TASK TO CARRY OUT
Output the listing exactly, without its pictures.

INFORMATION SHOWN
· · ·
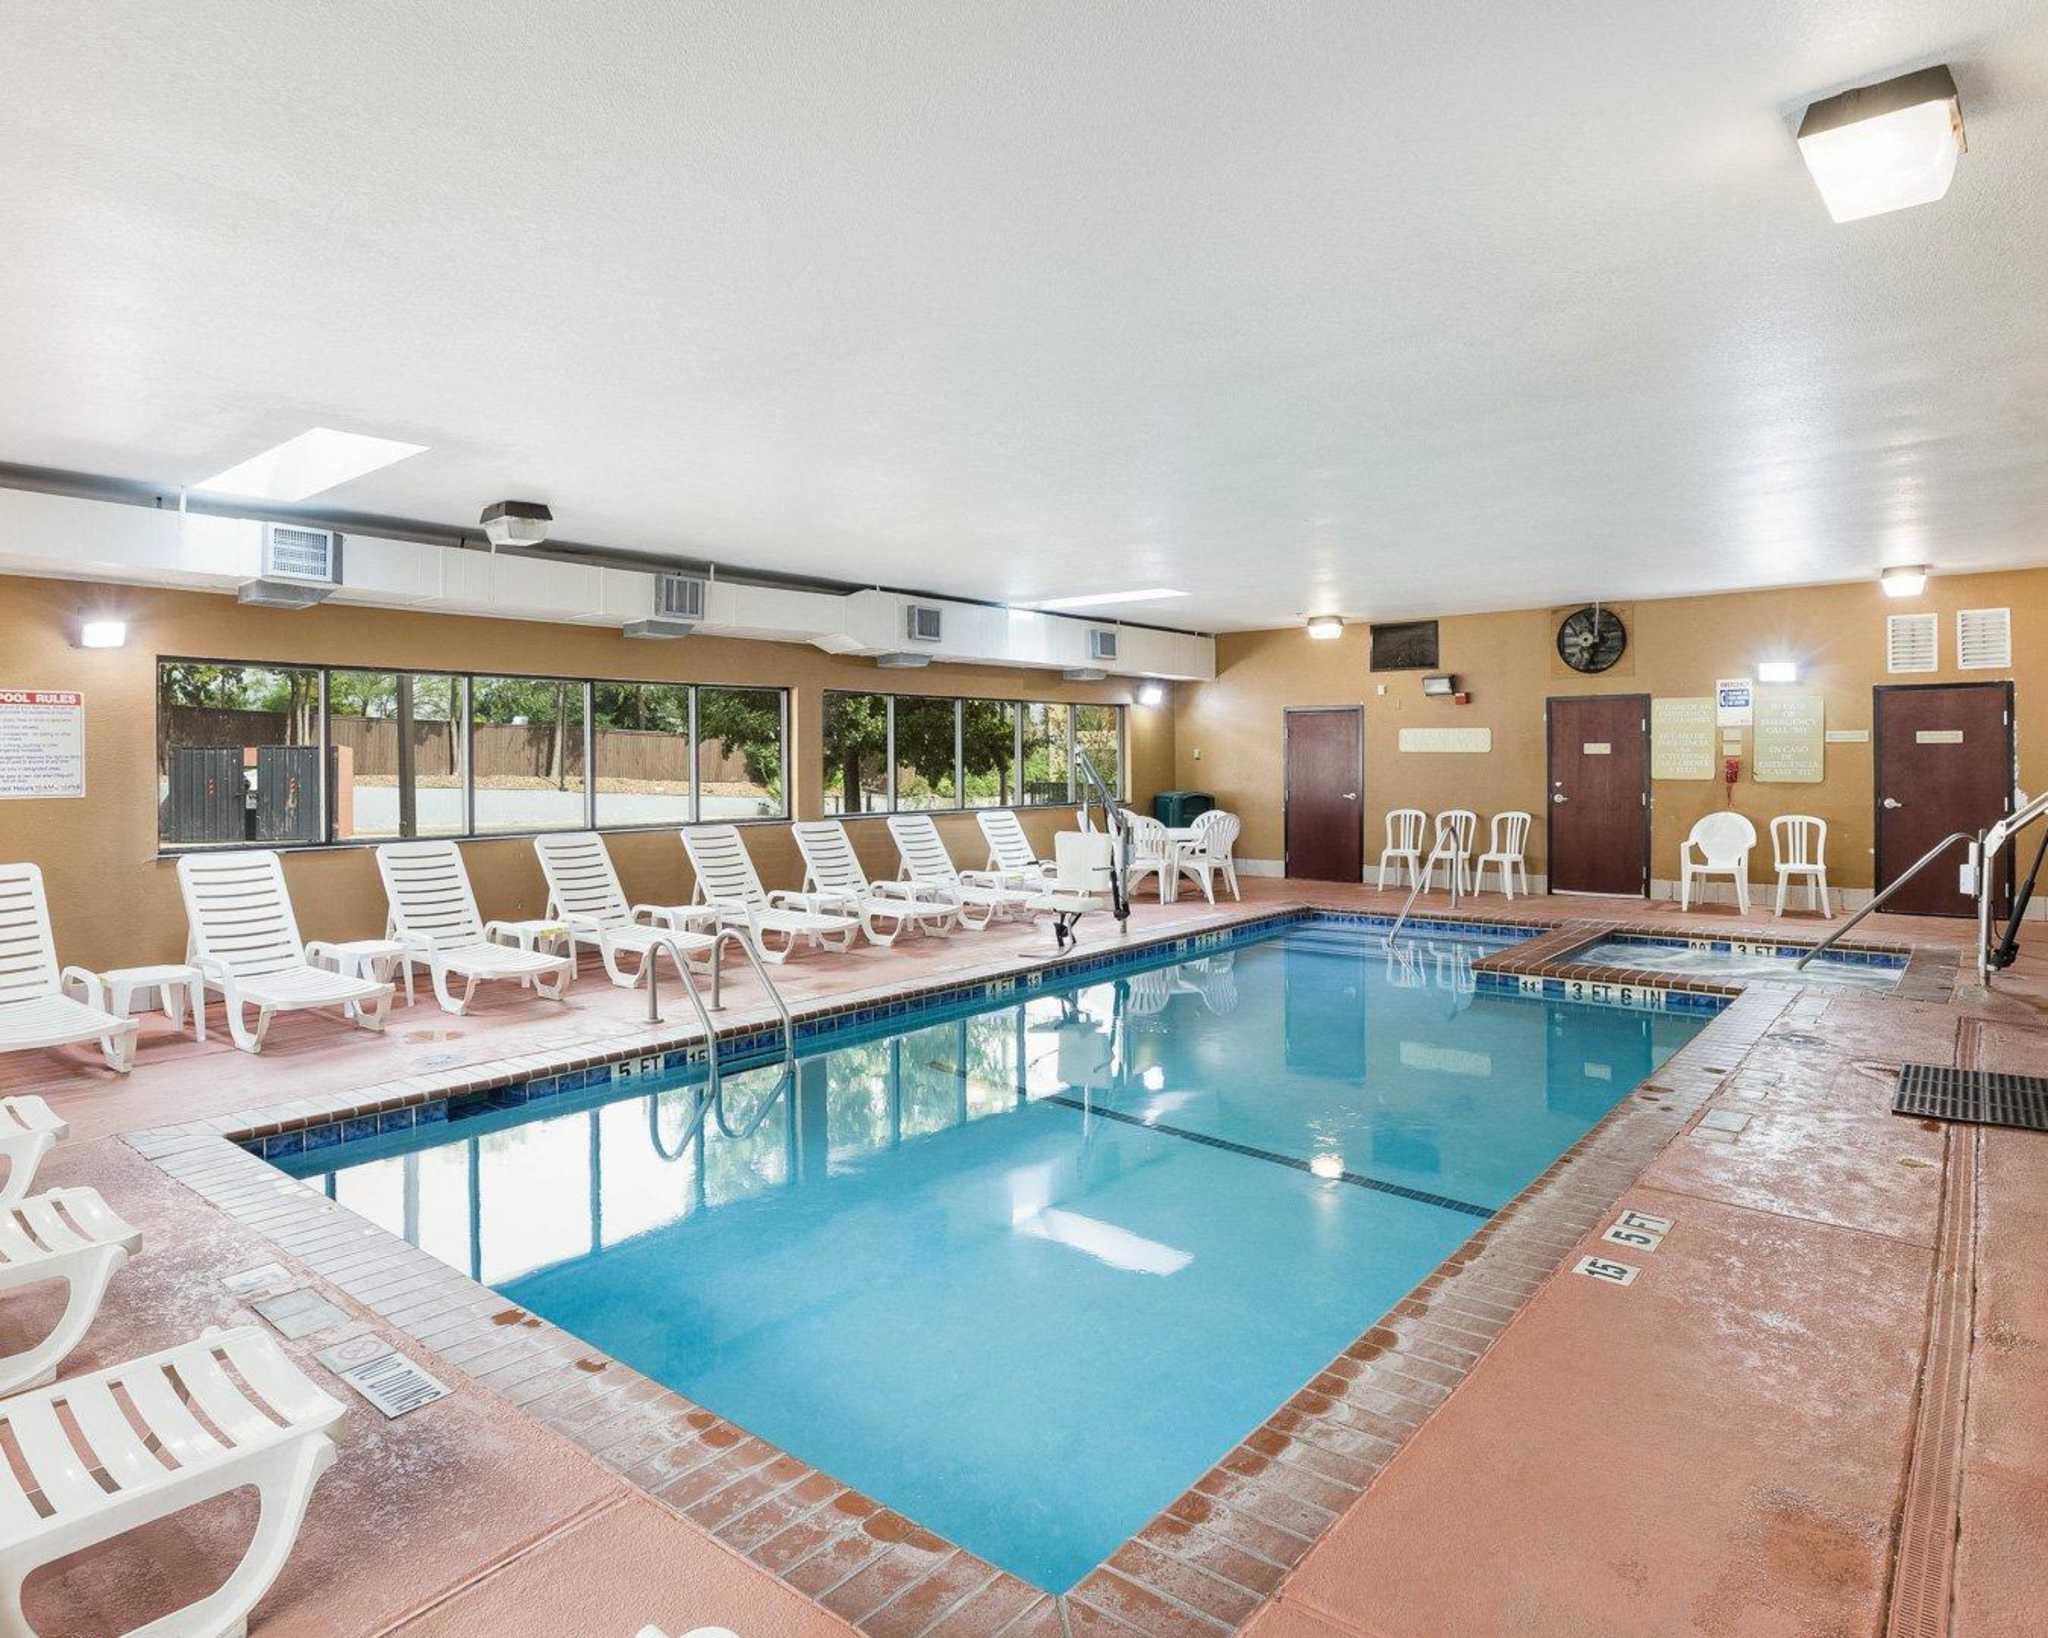 Comfort Inn & Suites Near Medical Center image 8
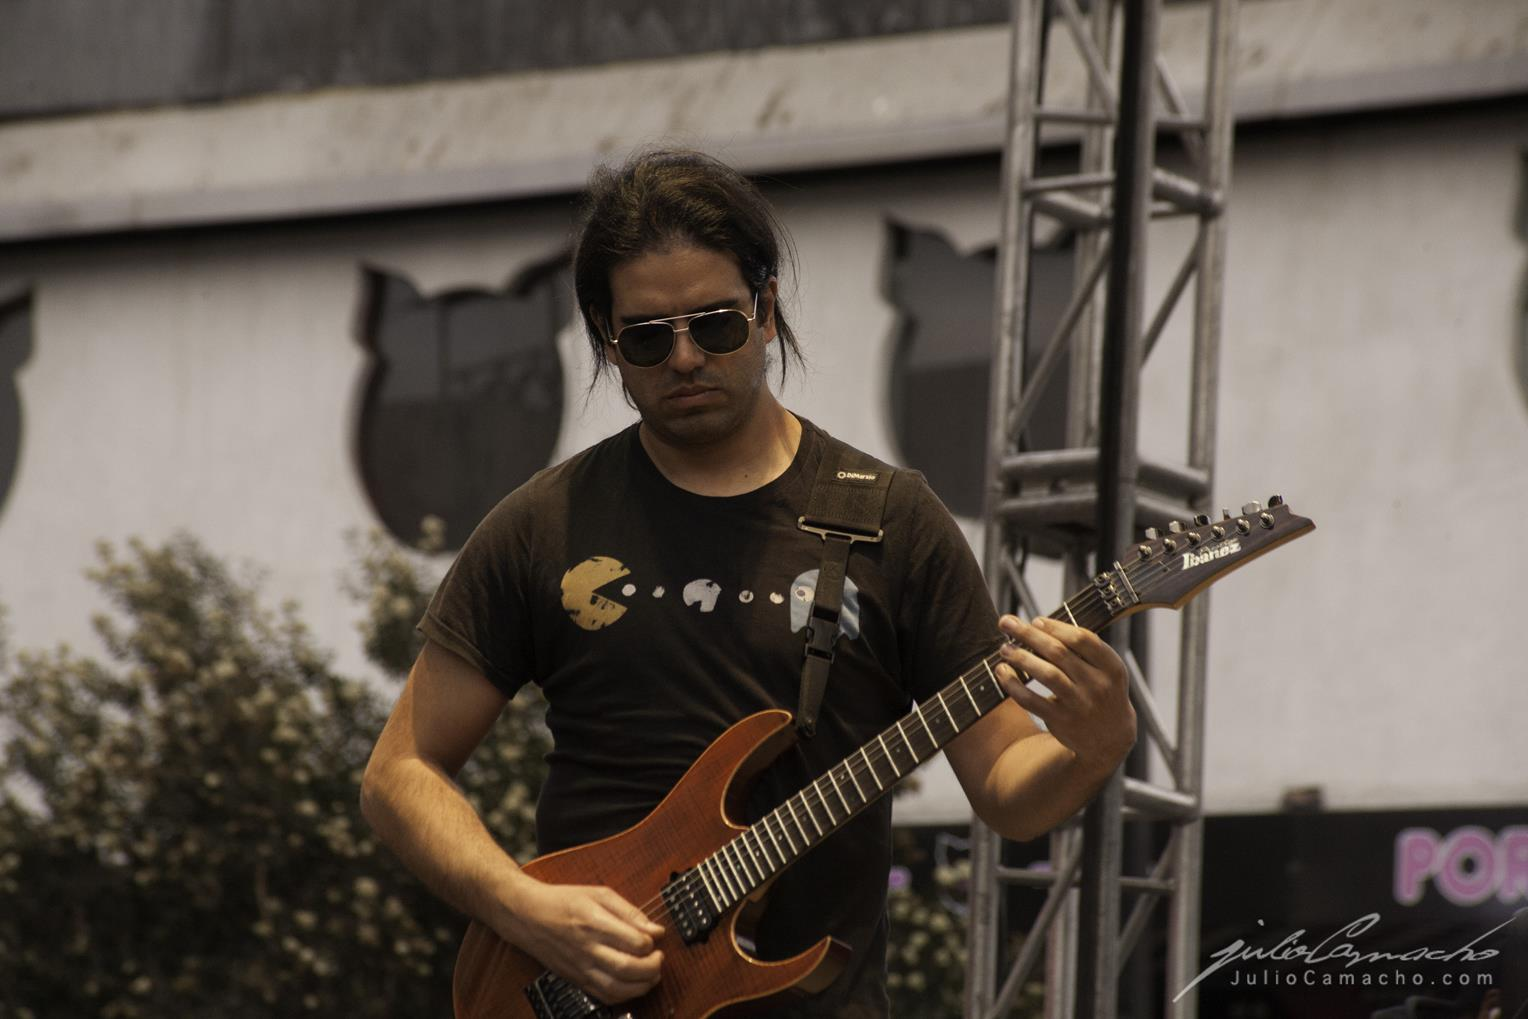 2014-10-30 31 CAST TOUR Ensenada y Tijuana - 1222 - www.Juli (Copy).jpg
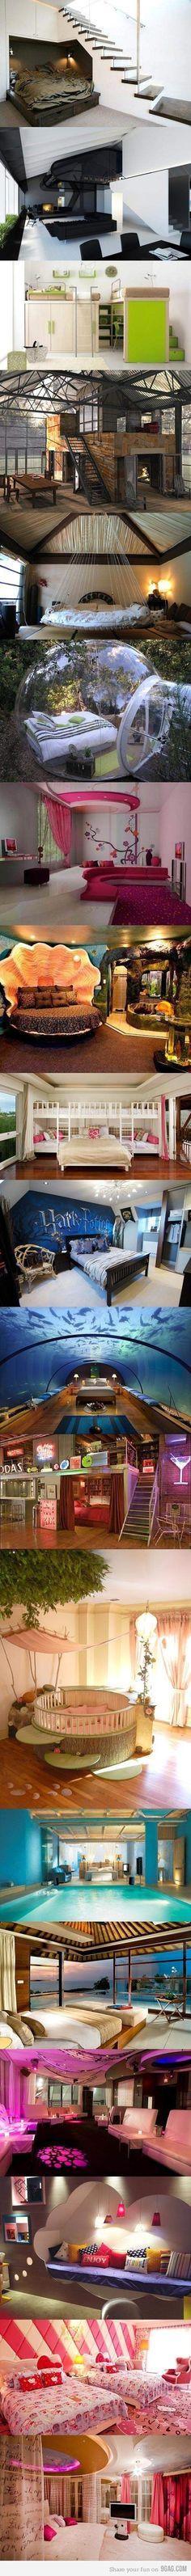 cool Bedrooms
· · ·
ANSWER TO THIS PROBLEM
 Comfort Inn & Suites Near Medical Center image 8
 2014-10-30 31 CAST TOUR Ensenada y Tijuana - 1222 - www.Juli (Copy).jpg
 cool Bedrooms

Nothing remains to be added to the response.